Машина затормозила, двери распахнулись. Холл и все балконы были украшены пыльными флагами, оставшимися с прошлых праздников; несколько слуг, стараясь не попадаться на глаза, занимались уборкой, но их было немного. Судя по свету, горевшему во всём доме, и праздничному убранству, Бенедикта ждала, что нагрянет большая компания. Такого не случилось. Больше того, она уже поднялась к себе. Ни сверкающих лимузинов, из которых появляются мадонны в вечерних платьях, ни поблёскивающих моноклей, ни шёлковых цилиндров.
Я пошёл наверх: ступенька — удар сердца, ступенька — удар сердца. Кровать, на которой она лежала, была как просторная королевская барка, с широкими резными ножками и балдахином на инкрустированных опорах, занавеси которого были сейчас прихвачены бархатными шнурами. Свет падал на книгу, которую она читала и, с моим приходом, резко захлопнула. Ребёнок лежал в жёлтой кроватке возле камина — крохотный неясный розовый свёрток — и сосал палец. Долгое мгновение мы смотрели друг на друга. Хотя в её взгляде была ничем не скрываемая печаль, чуть ли не смиренность, мне показалось, что я уловил в нём нечто новое — новую отчуждённость? Она была как путешественник, который наконец вернулся домой, пережив множество опасностей, — вернулся и увидел, что пережитое им в дальних странствиях сильнее и ярче настоящего. Я положил руку на её ладонь, мысленно спрашивая себя, заговорит ли она когда-нибудь, или мы так и будем сидеть вечно и глядеть друг на друга.
— Снег задержал нас, — сказал я, и она кивнула, по-прежнему не сводя с меня печального невидящего взгляда. Этим вечером она небрежно накрасилась и даже не позаботилась смыть косметику; напудренное лицо казалось болезненно-бледным по сравнению с тонким ярко-красным ртом.
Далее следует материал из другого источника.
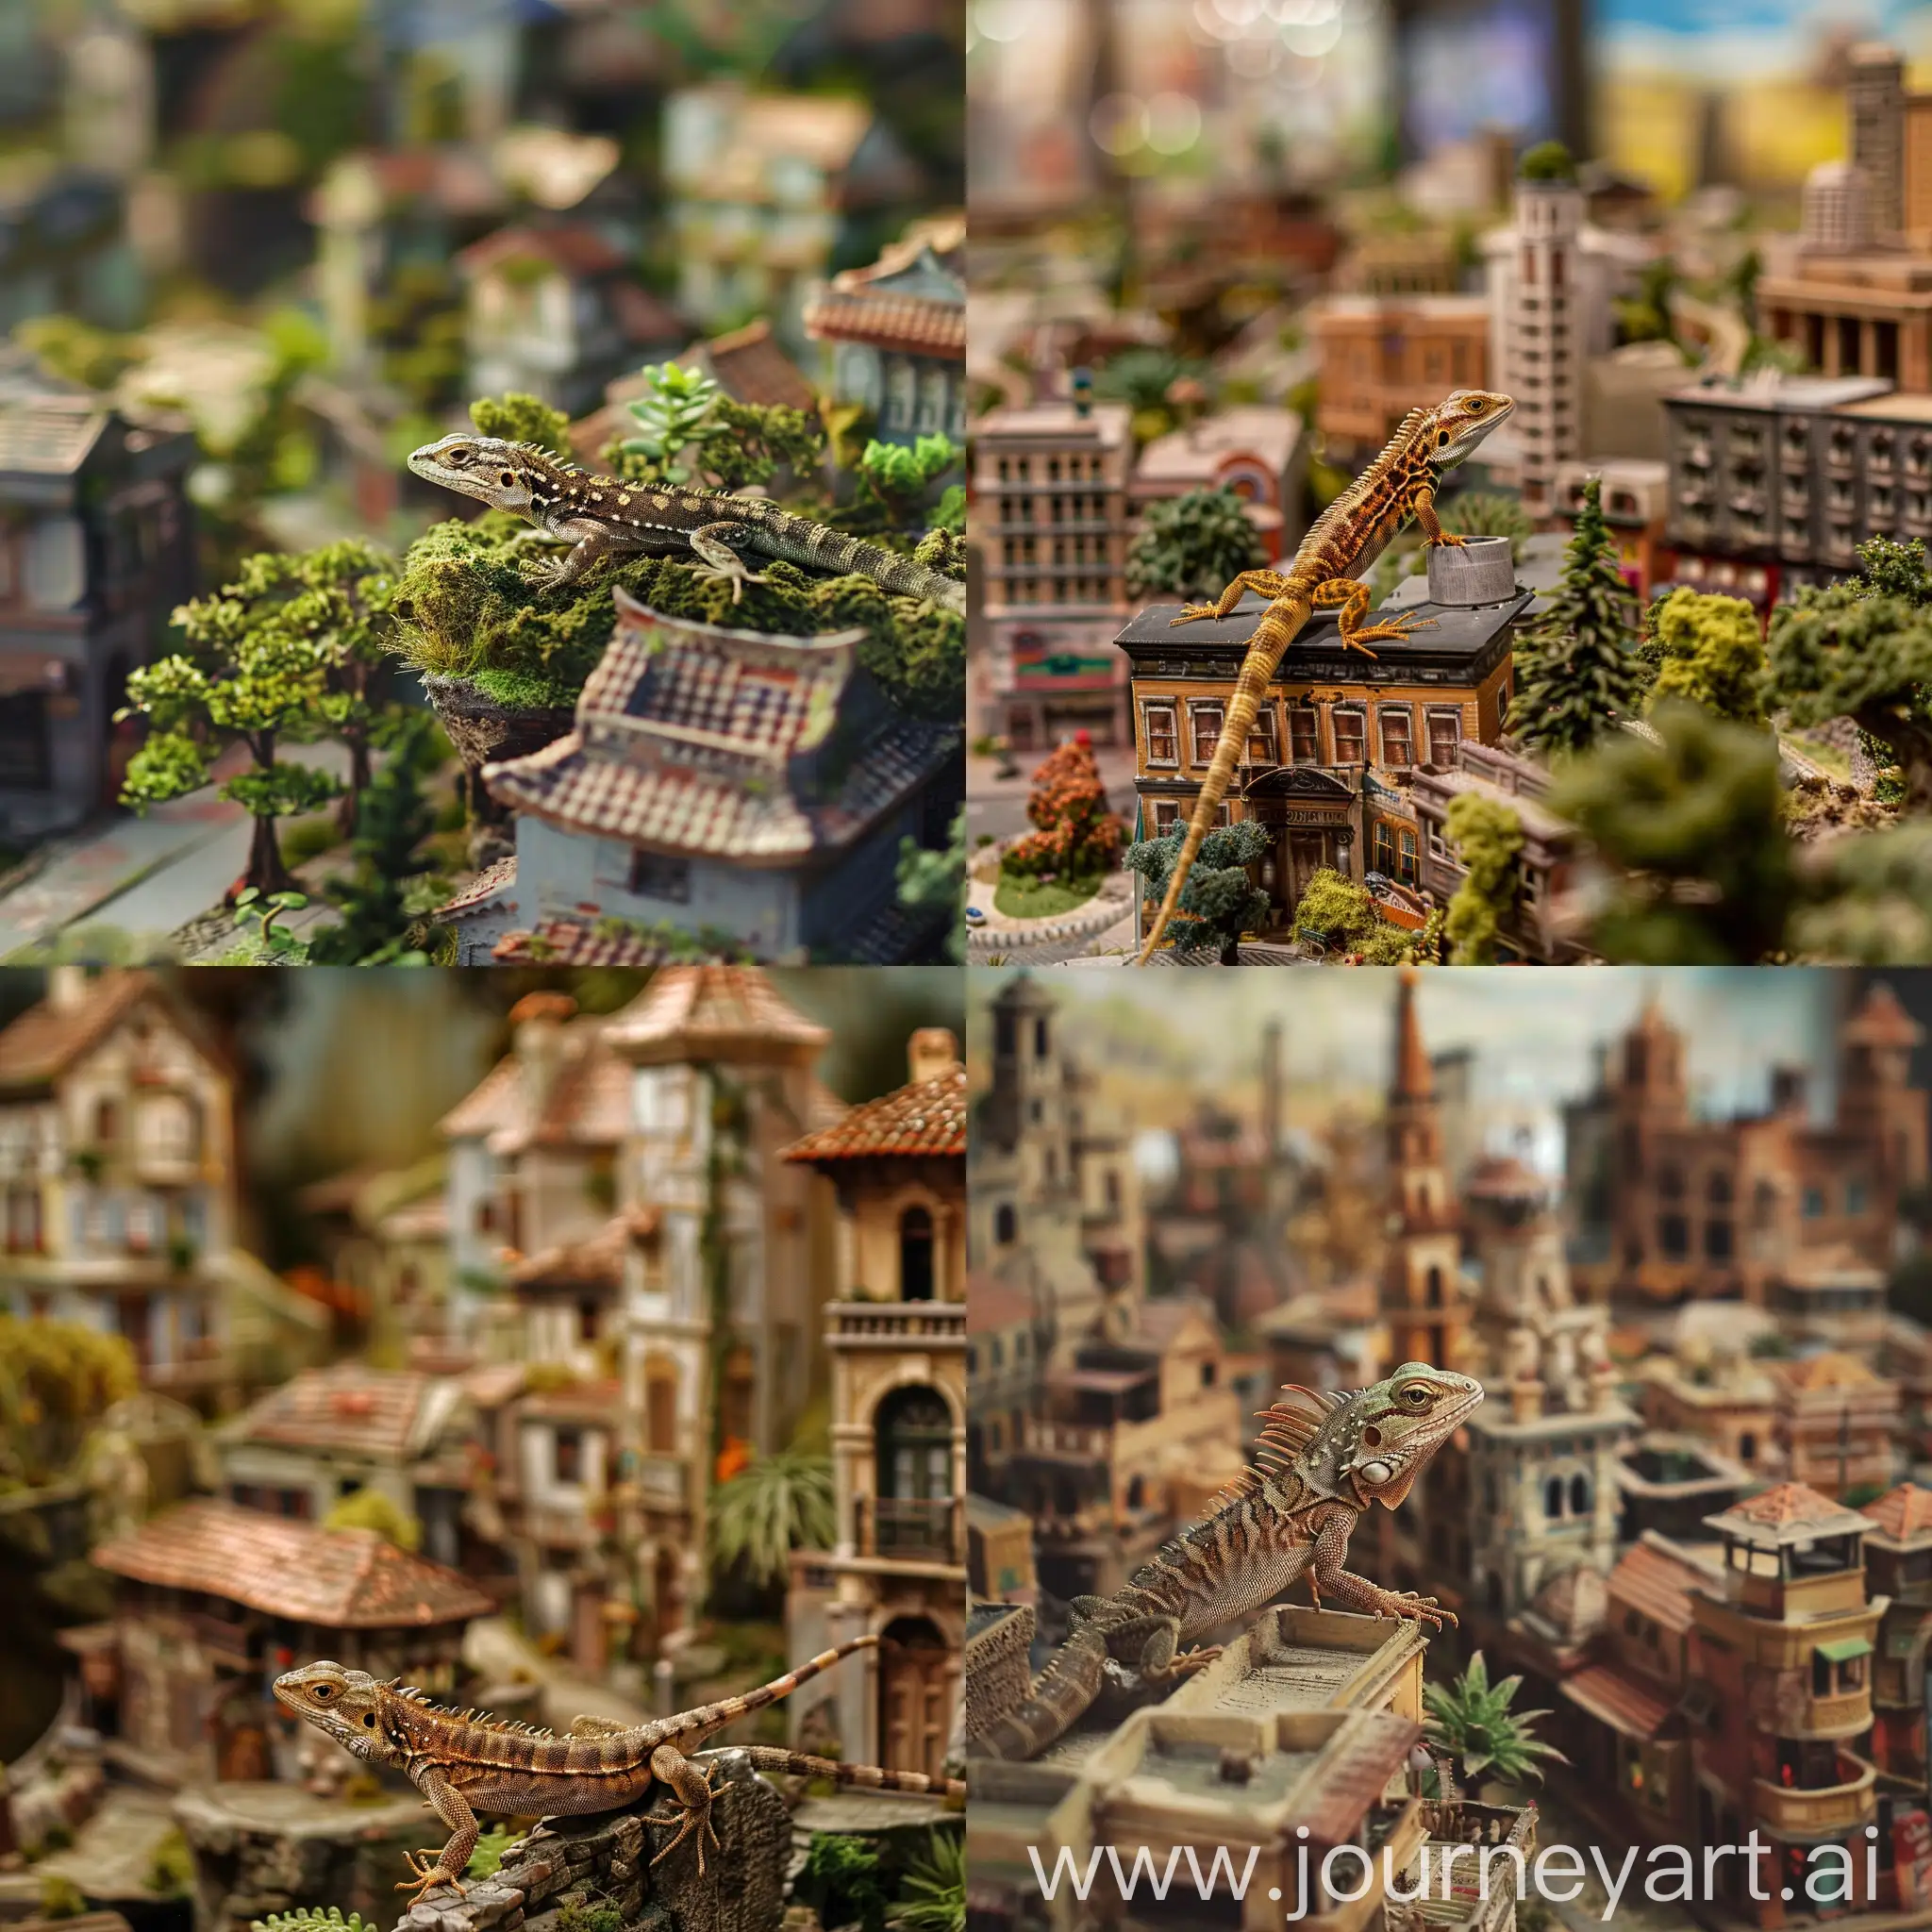 Una lagartija en una maqueta de una ciudad en miniatura

— Знаешь, — наконец прошептала она, — это как возвращение с того света. Всё ещё так нереально — я едва узнаю мир. Я так устала. — Она взяла мою руку и приложила к своему лбу. — Но ведь я не брежу, правда? — Я нежно обнял её, и она, задрожав, продолжала: — Ты понимаешь, что теперь в наших отношениях должно что-то измениться. Это совершенно ясно. Хватит ли у тебя терпения? — Широко раскрытые глаза из-под нахмуренного лба сурово, в упор, смотрели на меня. — Ты уже видел? — Чтобы умерить зловещую напряжённость этого монолога, я подошёл к кроватке и покорно уставился на ребёнка. Малыш теперь перевернулся на бочок и смотрел со странным выражением, словно голодный зверёк. — Теперь он встал между нами, разве не понимаешь? — заговорила Бенедикта постепенно замирающим голосом. — Может быть, навсегда. Не знаю. Я люблю тебя. Но мне всё надо обдумать ещё раз, с самого начала.